Living with Dementia

My wife Anna developed Alzheimer's in her early 50s. These are thoughts on what it was like day to day to live with dementia, for me and for her.

Thursday, November 16, 2006

This continuing account of living with dementia is now suspended for a while. I am now going to revert to a private diary, to keep a more detailed record. There have been 116 entries over six months. I hope it has been a useful record – what researchers might call created reality. If you want, you can access them by clicking on the archive (rightside of page). You can still make comments if you wish.
A blog is a curious literary device, written in chronological order but there to be read backwards. It reminds me of Harold Pinter’s play, Betrayal. I sometimes read books like that – the last chapter, and then if I am interested, earlier chapters to see what led up to it.

Anna, with the help of Rebekah a psychologist, wrote about the onset of her dementia:

‘Can I tell you about the day my brain left me? My unfaithful brain left me slowly, but there also a few exact moments that marked the start of when my brain began to leave. I know I didn’t lose my brain, but my brain lost me. It lost me at a very important meeting for securing funding for research, when all of a sudden there were no words. I couldn’t even say ‘I can’t say anything’; is there anything worse than that? Maybe it left itself behind with my briefcase, full with a career built on thinking, and forgotten on an underground train. Could I have known then I was right on the cusp of moving from being somebody working well in the world to being someone who would soon not work at all? Maybe it was left with the newly begun doctoral research, now archived into boxes. It left me whilst playing scrabble with my family, and it left me when I needed it to guide my coordination as I walked though the world as an independent, energetic woman with a successful career and busy life.

These moments came up on me like the fox, very, very quietly.
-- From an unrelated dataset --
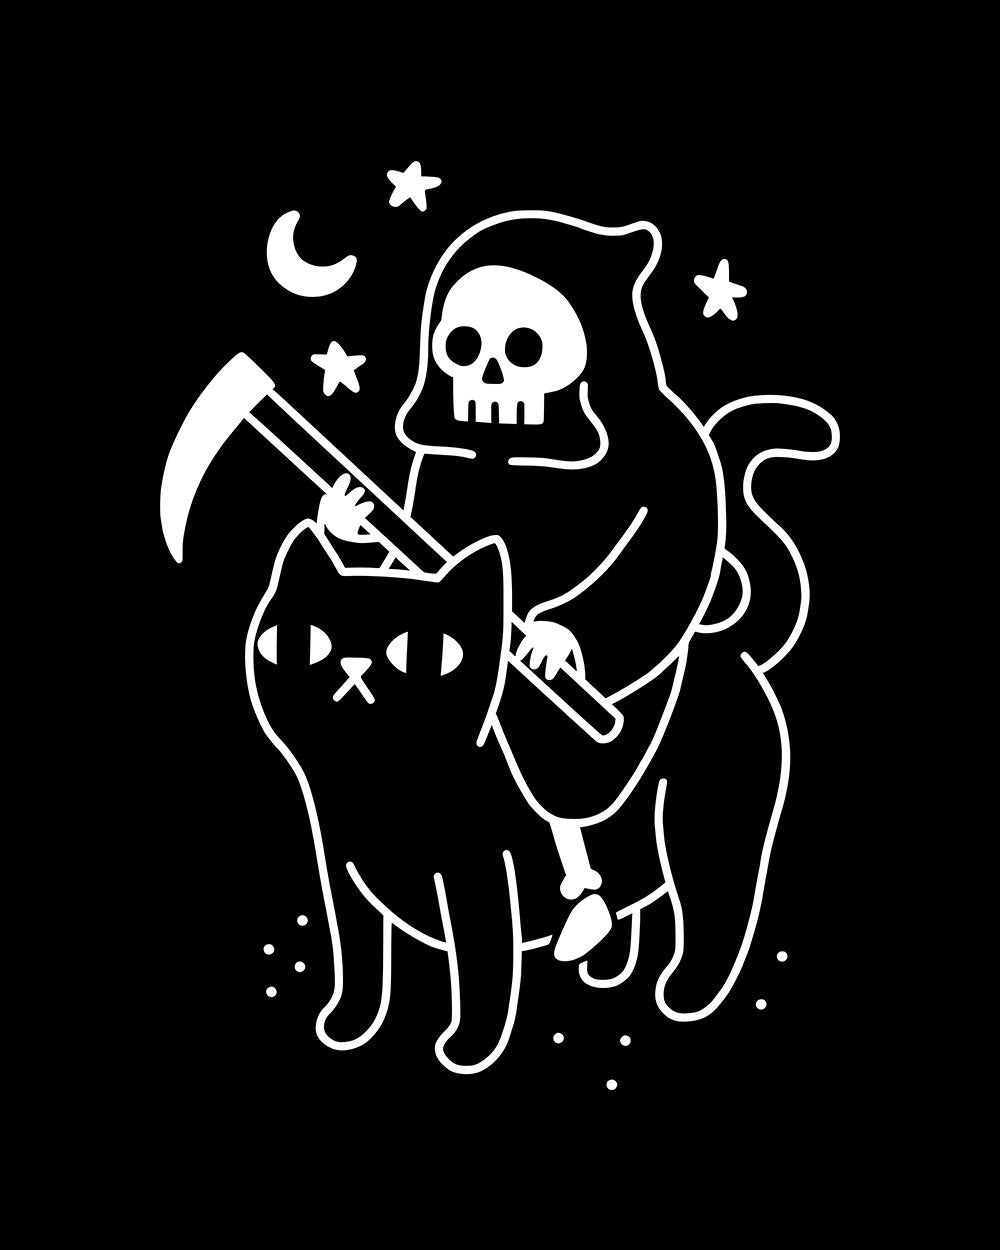 Death Rides a Black Cat T-Shirt Australia Online #colour_black

It was these series of moments, taken together, that started to build into a sense of knowing that something was wrong. One of the first times I knew that these moments were more than a series of unrelated mishaps was on holiday. I went to paint the wonderful hibiscus flowers I look forward to seeing each year in the little part of Greece we travel to. I went to paint these flowers, but I couldn’t do anything. I didn’t realise till then how much that things were happening with my brain, that it wasn’t working. This year we went on holiday and I saw these lovely flowers again. This time I didn’t try to draw them; somebody else must do it now.

It was frightening to know things were changing, to know these series of moments were accumulating into an overall sense of something really being wrong. A friend who is a doctor eventually began to notice the changes that were happening. He intervened, and encouraged me to have these changes investigated. It was one thing to know in private that my brain had become unfaithful, but it was frightening to learn that my brain’s private betrayal had become publicly observable.’